Alright y’all… I KNOW this is a topic you’ve been curious about because I get asked about it ALL the time.
Unless you’re a tax professional, the differences between each type of business entity can feel like a foreign language. However, it’s essential you do your research and talk to an attorney or CPA because your choice of business entity DOES have an impact on how much you pay in taxes and what happens if your company gets in trouble.
(Btw… I’ll be dropping infographic gems on Instagram on this subject all week long. Make sure you are following so you can drop your questions and interact with me! )
What is a sole proprietorship?
A sole proprietorship is an unincorporated business with one owner. It is the simplest and least expensive business entity. You don’t need to file any paperwork with your state. And thus, you have no liability protection. Simply selling your service or product without any legal setup would qualify you as a sole proprietor.
What is an LLC?
LLC stands for “limited liability company”. Owners of an LLC are called members. Just like the name implies, an LLC offers members liability protection. An LLC is a legally separate business entity that is created under state law; it is separate from your personal being. It combines elements of a sole proprietorship, partnership, and corporation. The flexibility offered with an LLC means business owners can decide on management structure, operational processes, and tax treatment.
So, how do you know which one is right for you and your business? Let’s think about a story… It might even sound familiar:
Claire is an entrepreneur. She is in her second year of business. During her first year, she made $50k and operated as a sole proprietorship. Now, in her second year, she’s made some serious gains and doubled her revenue. She’s wondering, is this the right time to form an LLC? Is it even necessary?
Some things Claire should consider…
- Ease of formation
Sole proprietorships are the simplest way to go. They are less complex and less expensive (and they demand less paperwork). All you need to do to start your sole proprietorship is… start your business!
To establish an LLC, you must do so through your state, often the secretary of state’s office. This entails drafting and filing articles of organization and paying a filing fee (which can get real pricey in some states). Setting up an LLC requires more upfront time, money, and effort.
- Raising capital for your start-up
In any business, you’ll need to fund your business using personal resources, equity, or loans. Keep in mind, establishing a line of credit and loan approval may be tricky as a beginner entrepreneur. The same holds true for sole proprietors; banks may be more strict about lending to sole proprietors compared to a legally formed entity such as an LLC.
A sole proprietor’s net business income is taxed on their individual tax return at the proprietor’s individual tax rates. Single-member LLCs and sole proprietorships are taxed the same. They both may claim an array of business tax deductions.
(If you’re curious about the 12 business deductions you SHOULD be taking, I have a Maximize feature on that! Read it here.
A key difference in taxes between LLCs and sole proprietorships is flexibility. Only LLC owners can choose how they want their business to be taxed. They may choose to stick with the default (pass-through taxation) OR elect the LLC to be taxed as an S-corporation or C-corporation. LLCs have the opportunity to save money by electing corporate tax status.
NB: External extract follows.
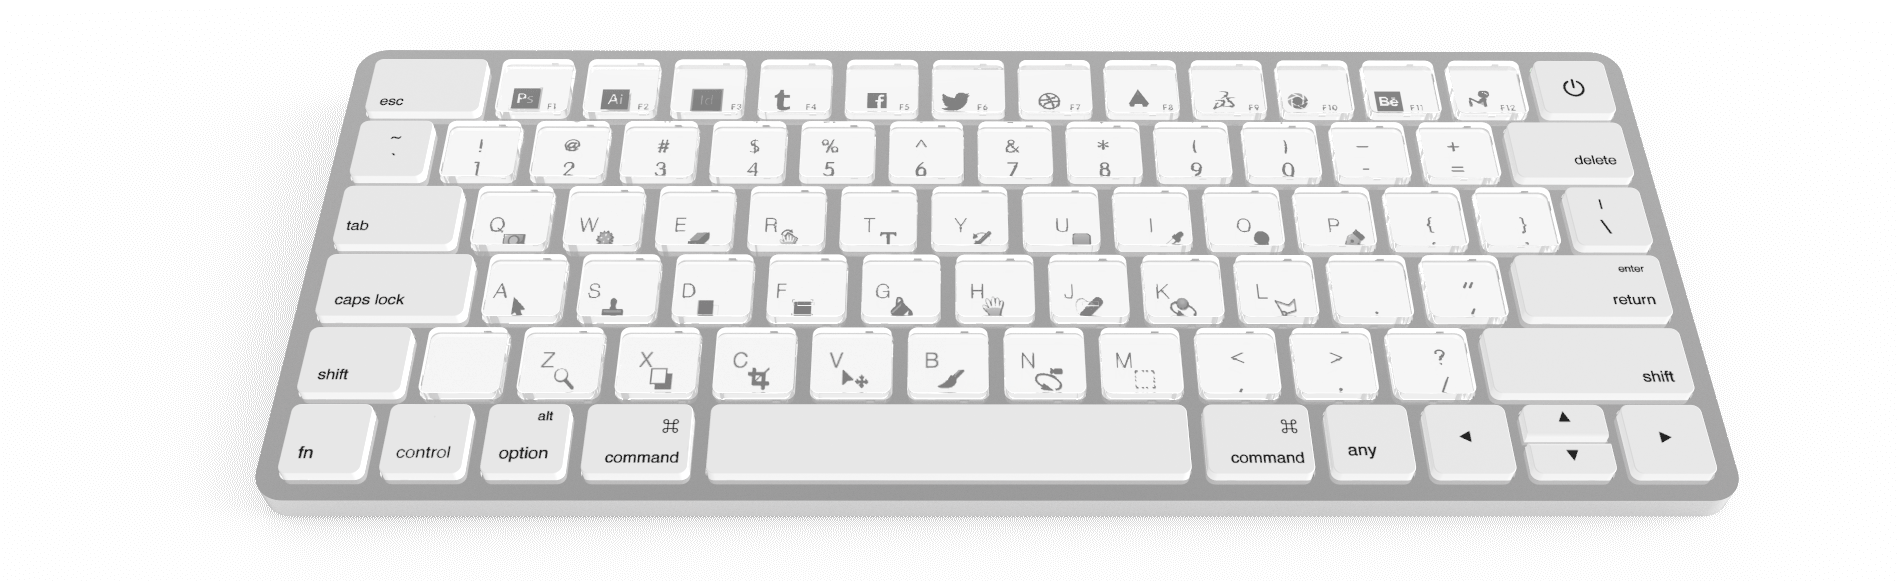 Sonder Keyboard animation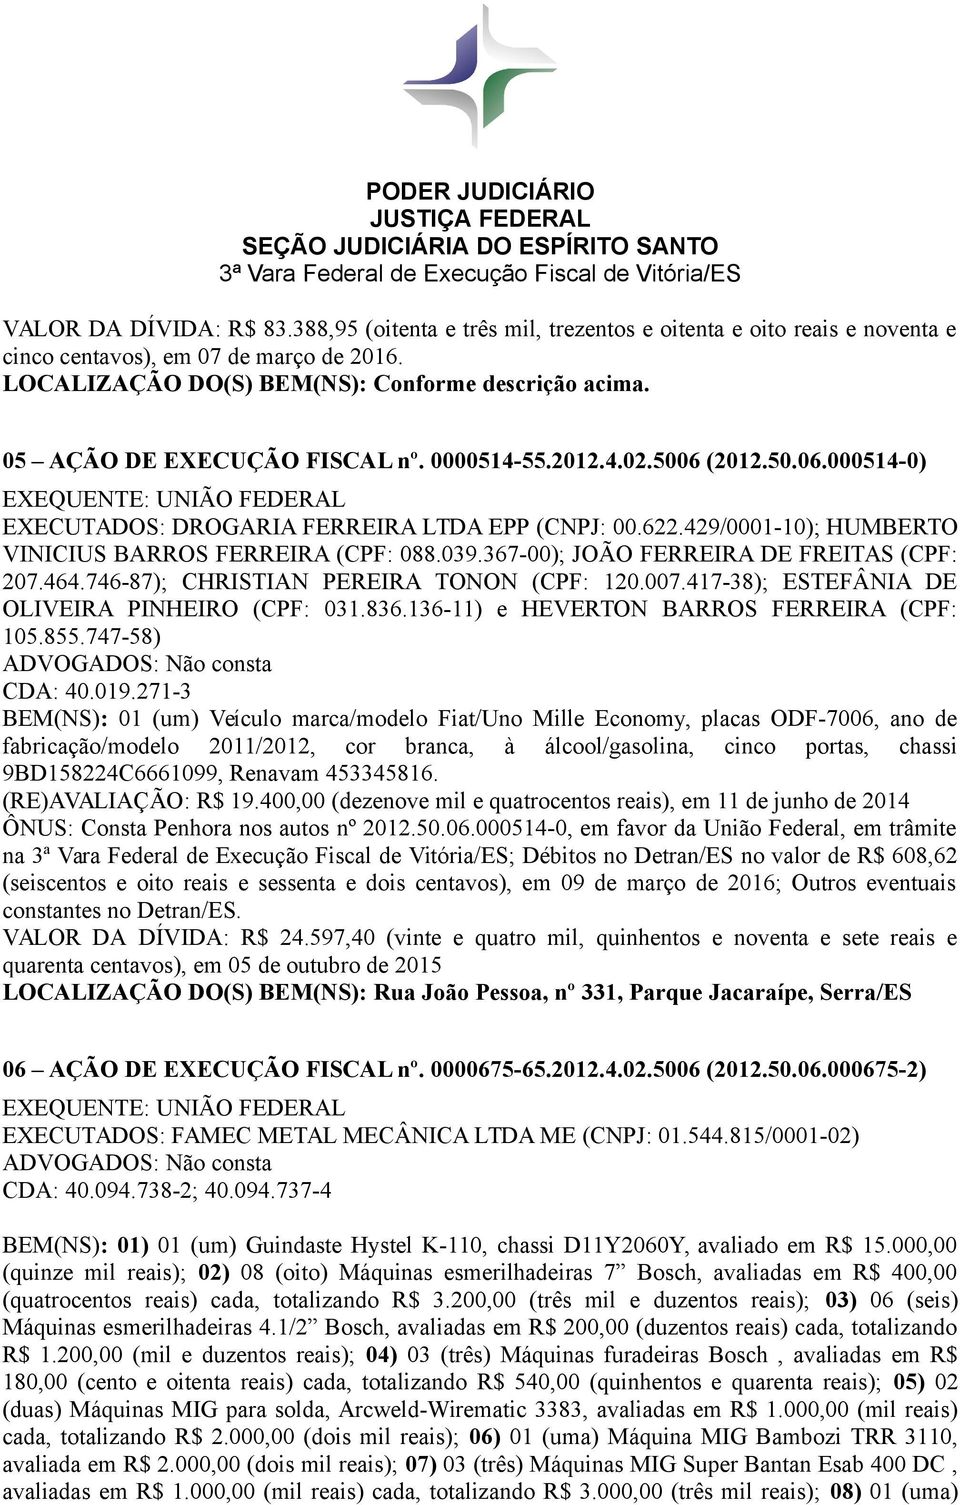 367-00); JOÃO FERREIRA DE FREITAS (CPF: 207.464.746-87); CHRISTIAN PEREIRA TONON (CPF: 120.007.417-38); ESTEFÂNIA DE OLIVEIRA PINHEIRO (CPF: 031.836.136-11) e HEVERTON BARROS FERREIRA (CPF: 105.855.

The benefit to this is…tax savings! This is a tax strategy. You select the method that will garner the least amount of taxes. One size does not fit all; it differs for each business depending on your current situation and your future goals. Work with a CPA or Business Attorney if you are at a level where multi 5 and 6 figure tax bills is your (new) norm.
- Legal protection
You are most vulnerable legally in a sole proprietorship. There is no legal separation between the business and the owner. As a sole proprietor, YOU are personally responsible for the business’s debts. If the business goes bankrupt, both personal and business debts will be included in the bankruptcy proceedings. To that same end, if someone sues a sole proprietorship, they can also go after the owner’s personal assets; you and your proprietorship are one-in-the-same.
LLCs offer more protection. An LLC is a legally separate entity. The owner is not personally liable for business happenings. This protects you from the previously mentioned vulnerabilities of a sole proprietorship. The bottom line: one of the best ways to protect your personal assets is to form an LLC.
So, which one should Claire choose?
The turning point in Claire’s story is when she starts making that money! Sole proprietorship was a great route for the first year of business. Minimal paperwork, no big cost. It’s simple for the new entrepreneur.
Now, Claire is all-in on her business. Now is the time to form an LLC! An LLC will ensure she is not personally liable for business obligations. Additionally, LLCs offer more tax flexibility, presenting more opportunities for her to save thousands. This is also a time where it makes sense for Claire to build a working relationship with a proactive CPA who can lead the way for Claire to easily, regularly and strategically save 5 figures in taxes year after year as her business continues to grow.
When deciding when the time is right to form an LLC, a major key to consider is business growth. A sole proprietorship is just fine for those beginning stages or if your business is really a part-time hobby where you aren’t generating much revenue. But as your money and business grows… So does your vulnerability! And that’s when it’s time to level up.